■ **EXERCISE**: Give the data again exactly, without images.

■ **GIVEN INFORMATION**:

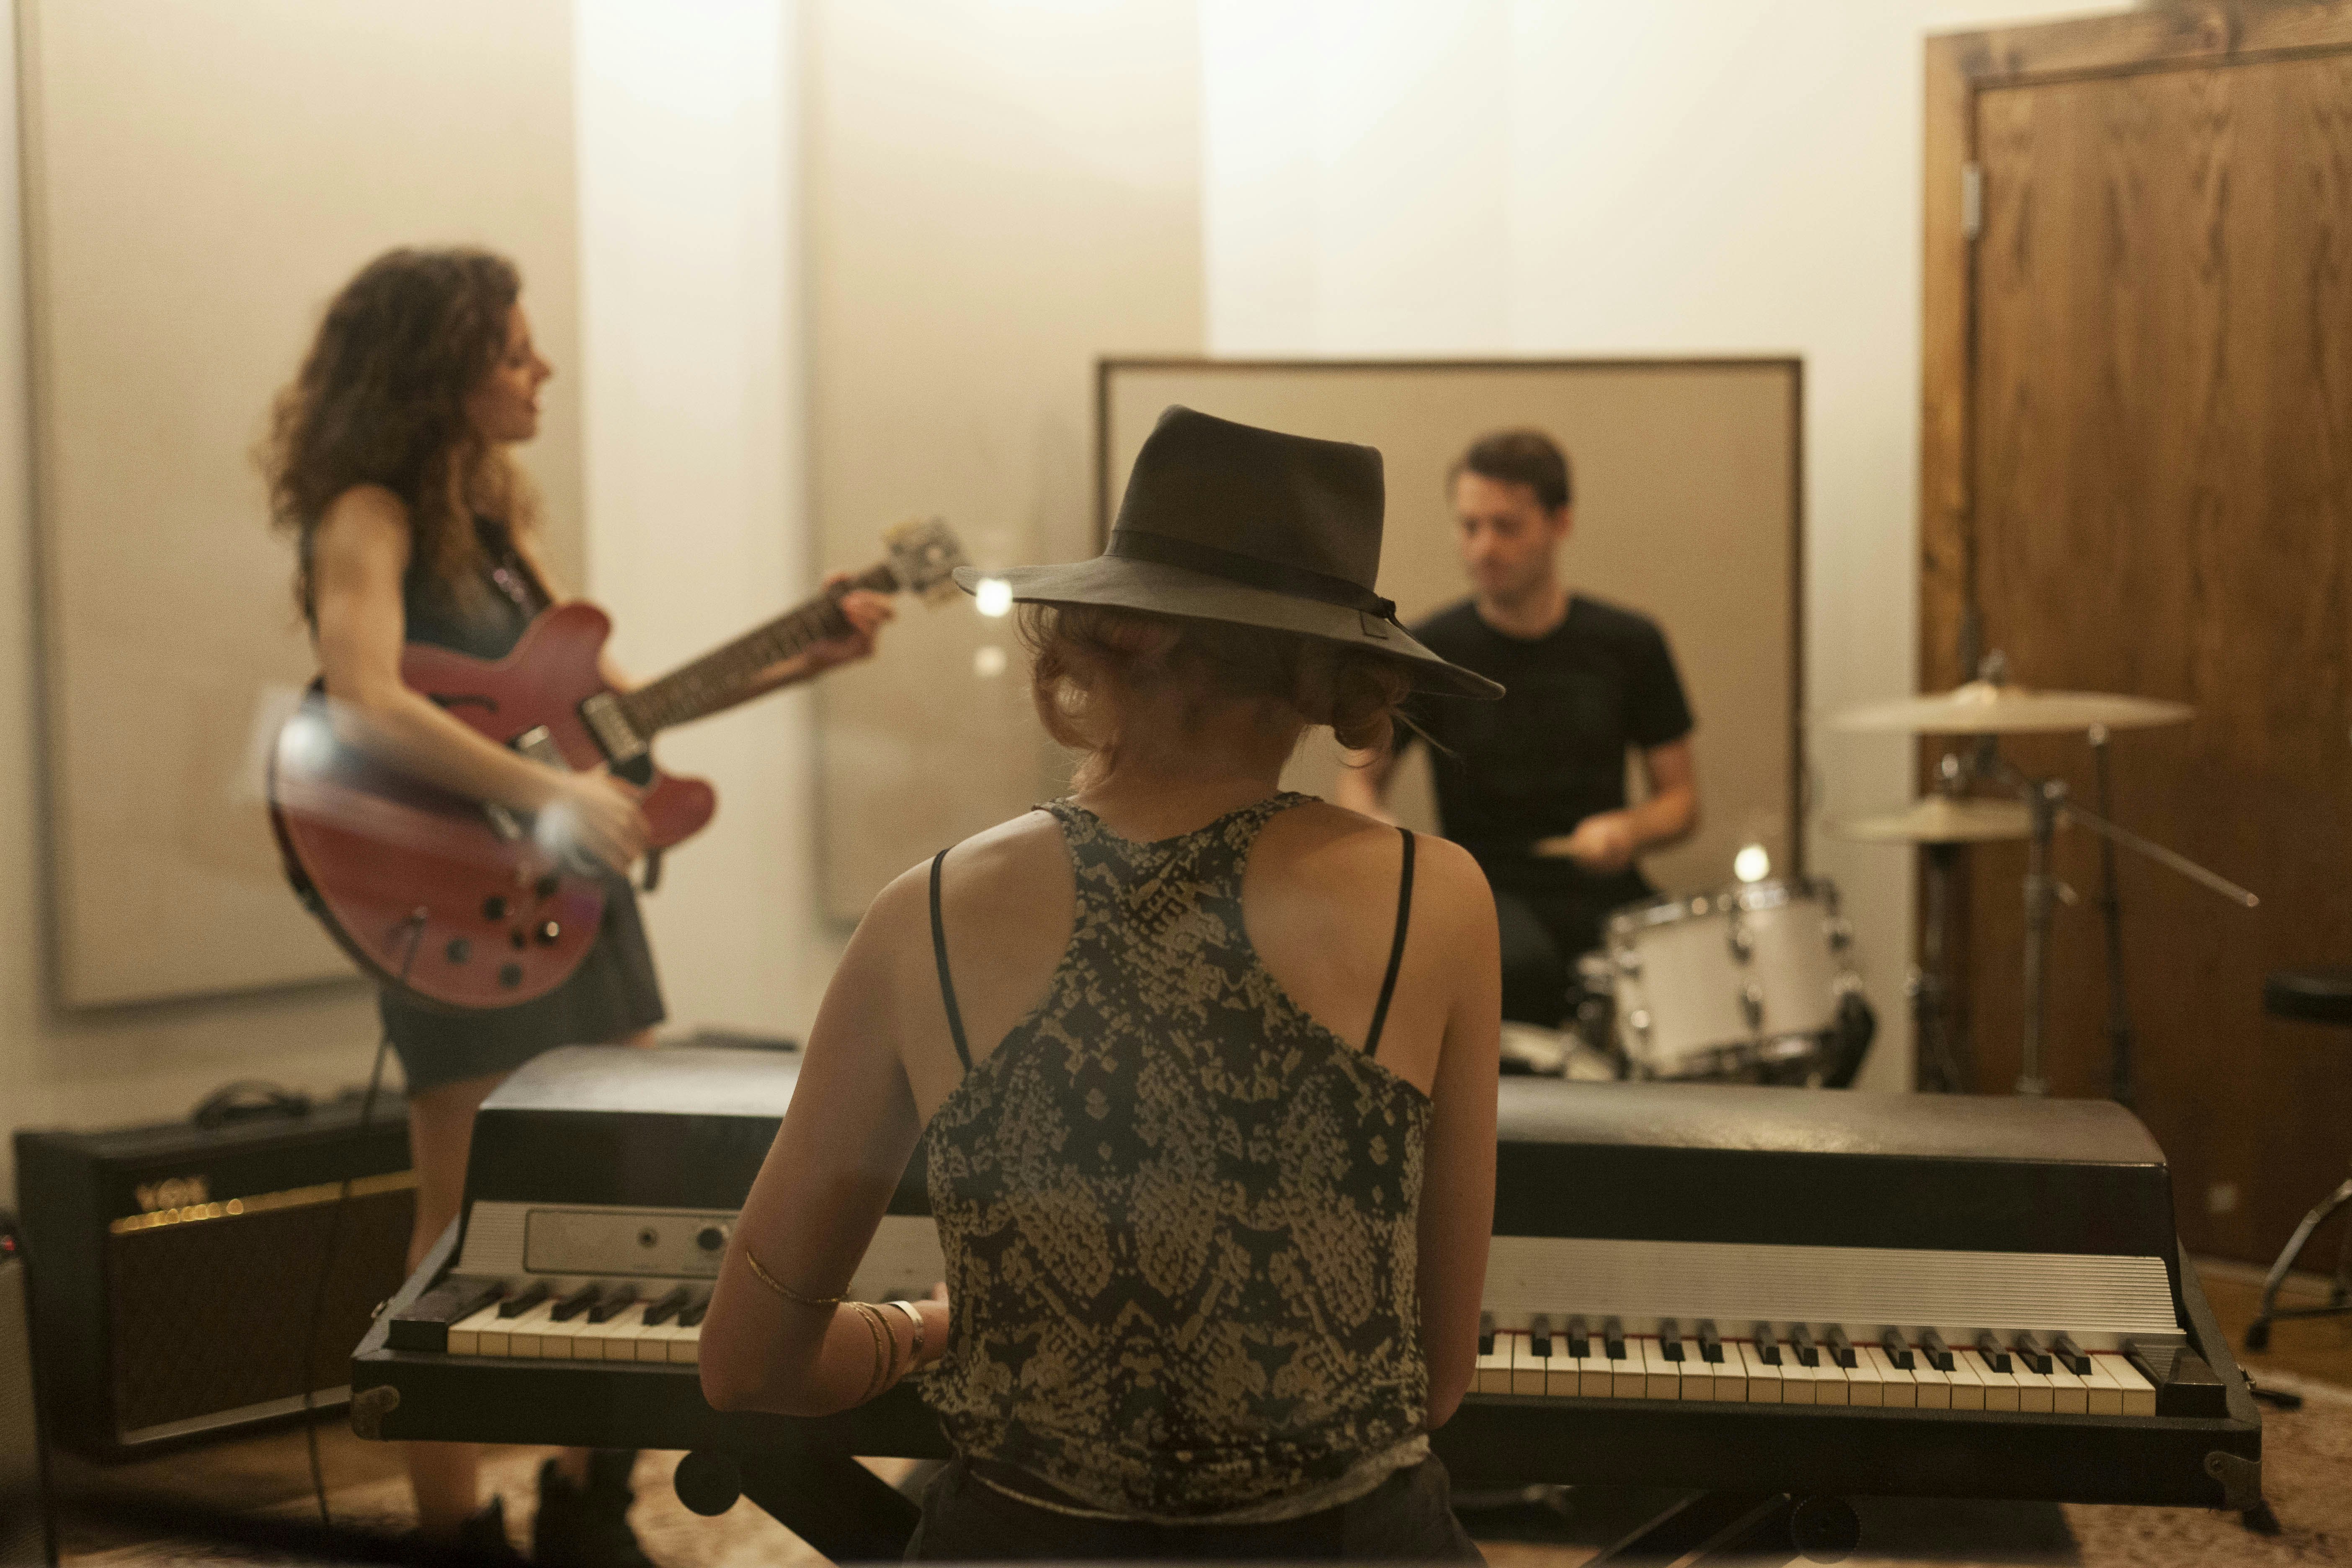 Musicians playing. A woman playing the piano has her back to the camera. To her left a woman is playing the guitar and in front of her is a man playing the drums 
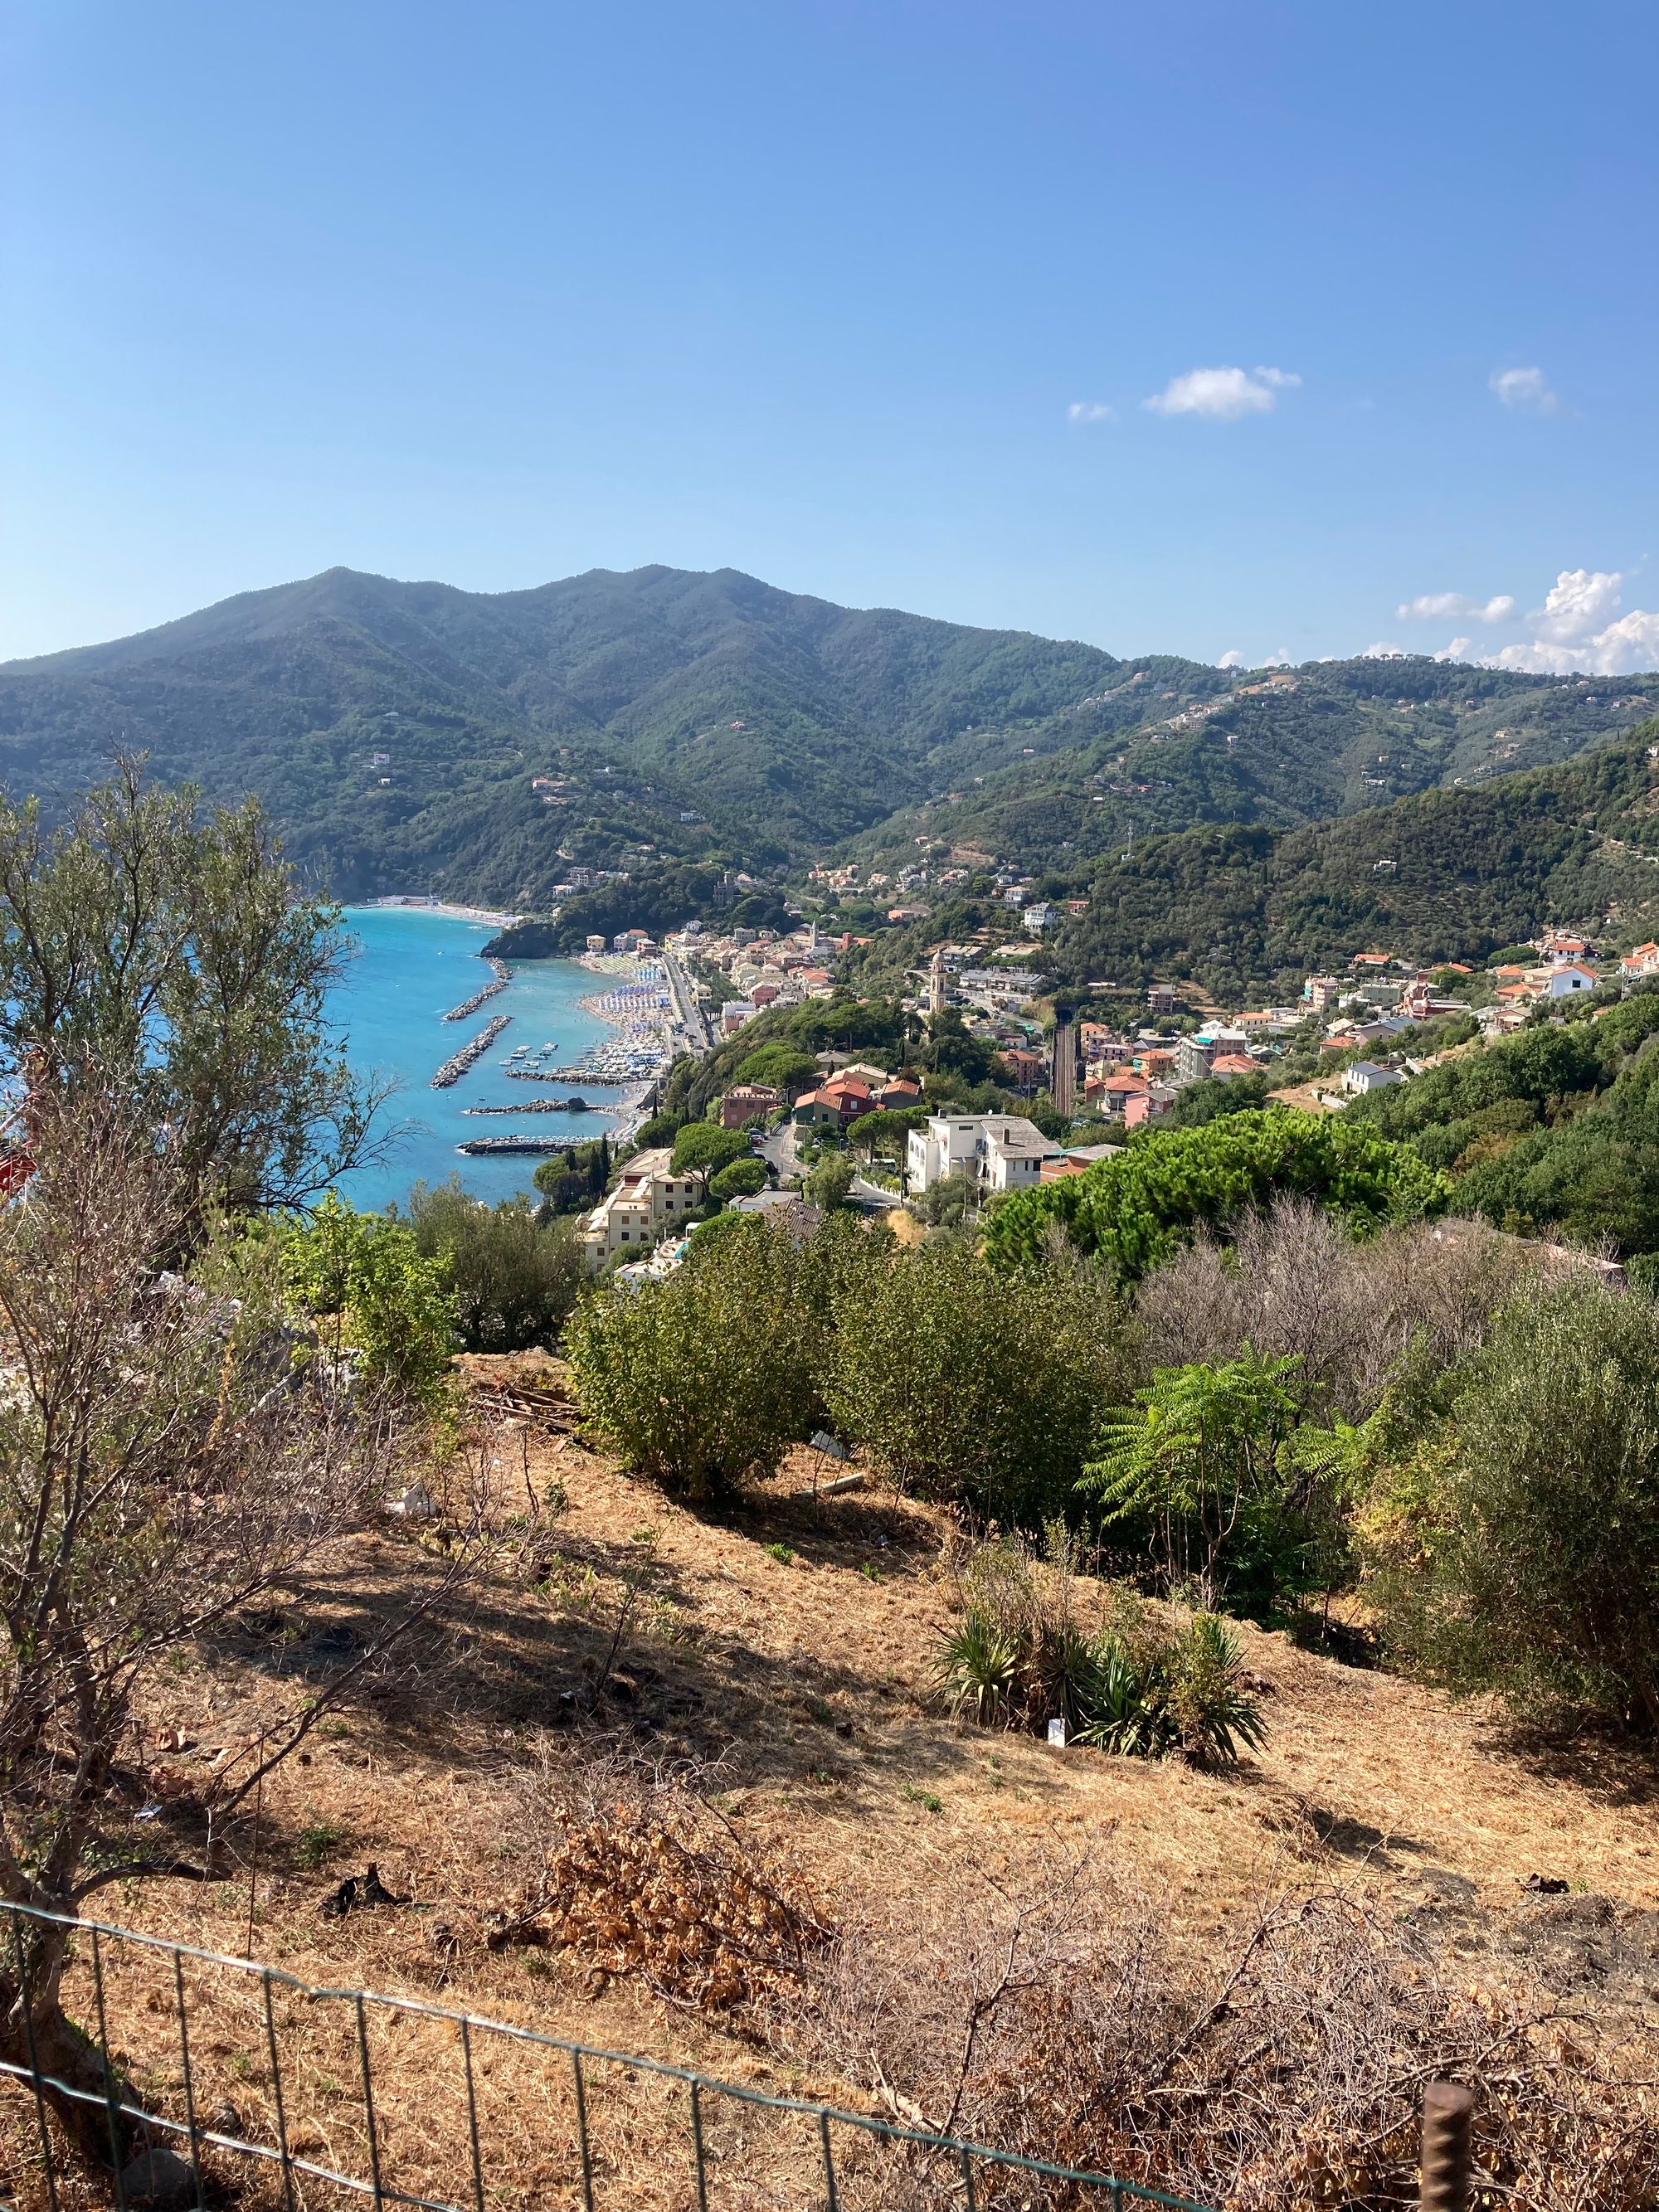 Image of Moneglia taken from a hill. You can see the ocean, the beach and the houses of the town
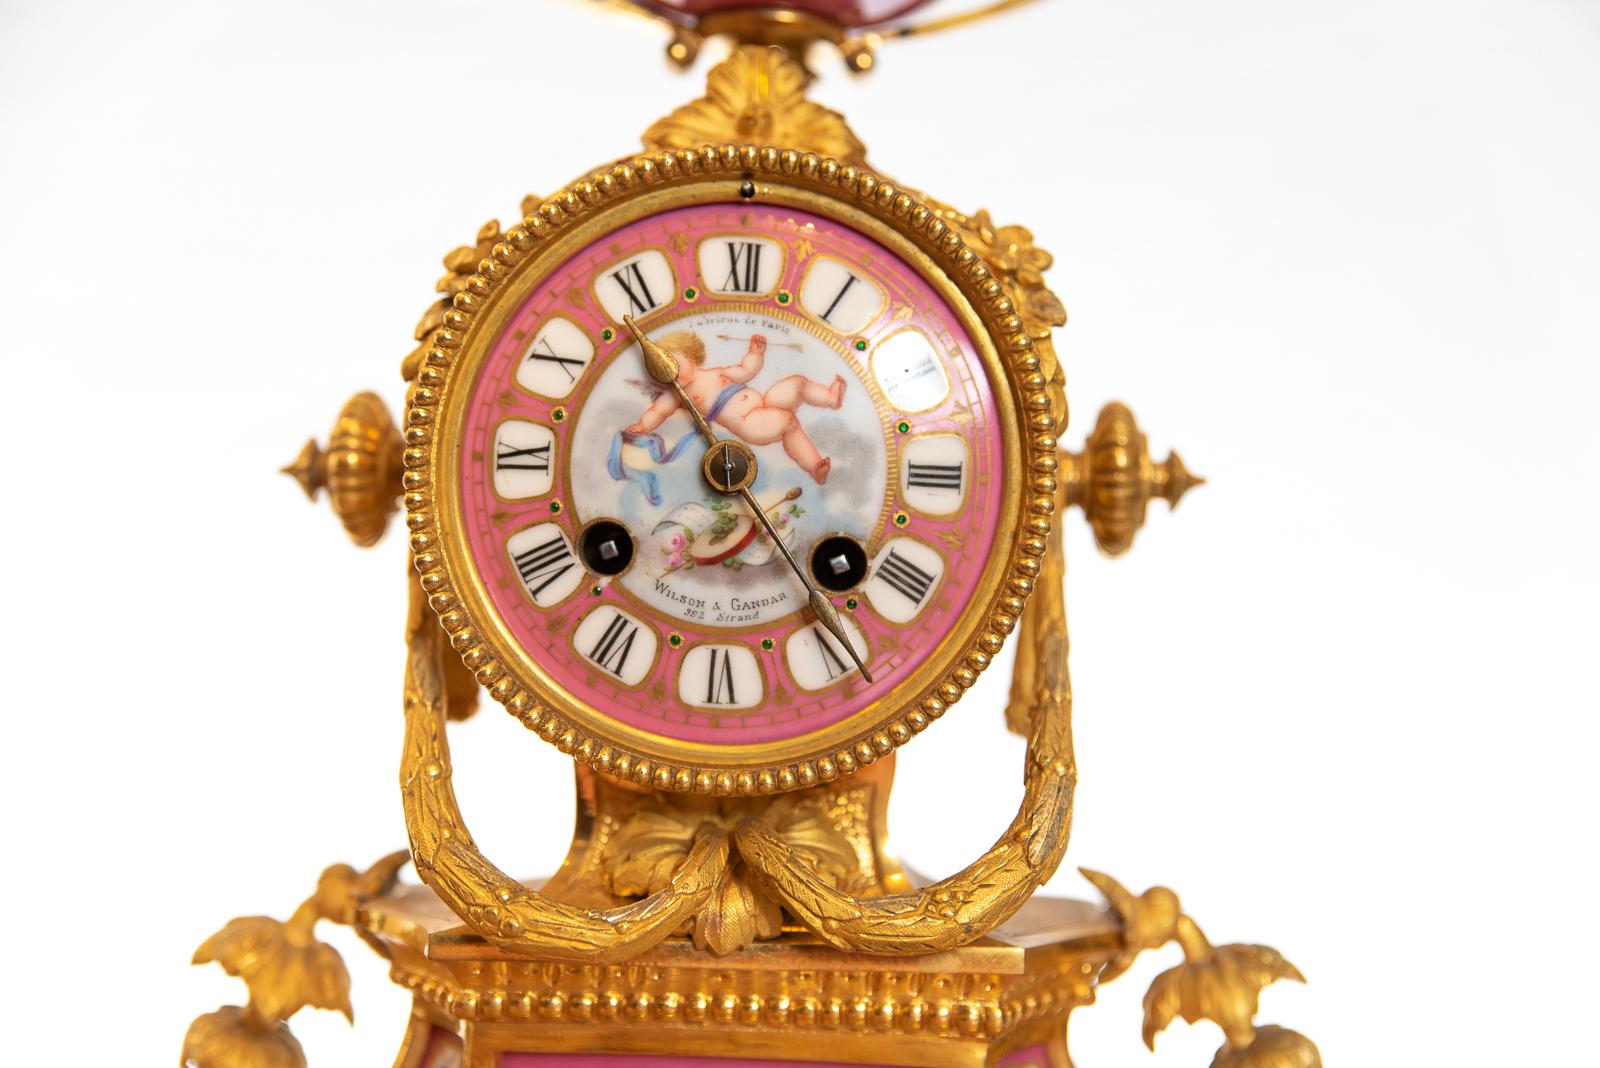 A late 19th century 8 day hour and half hour striking the hours on a single bell mantel clock. With pink porcelain hand painted panels depicting romance and lovers. The enamel dial is signed by the original retailers Wilson & Gandar of 392 the

■ **THE ANSWER**:
 Musicians playing. A woman playing the piano has her back to the camera. To her left a woman is playing the guitar and in front of her is a man playing the drums 
 Image of Moneglia taken from a hill. You can see the ocean, the beach and the houses of the town
 A late 19th century 8 day hour and half hour striking the hours on a single bell mantel clock. With pink porcelain hand painted panels depicting romance and lovers. The enamel dial is signed by the original retailers Wilson & Gandar of 392 the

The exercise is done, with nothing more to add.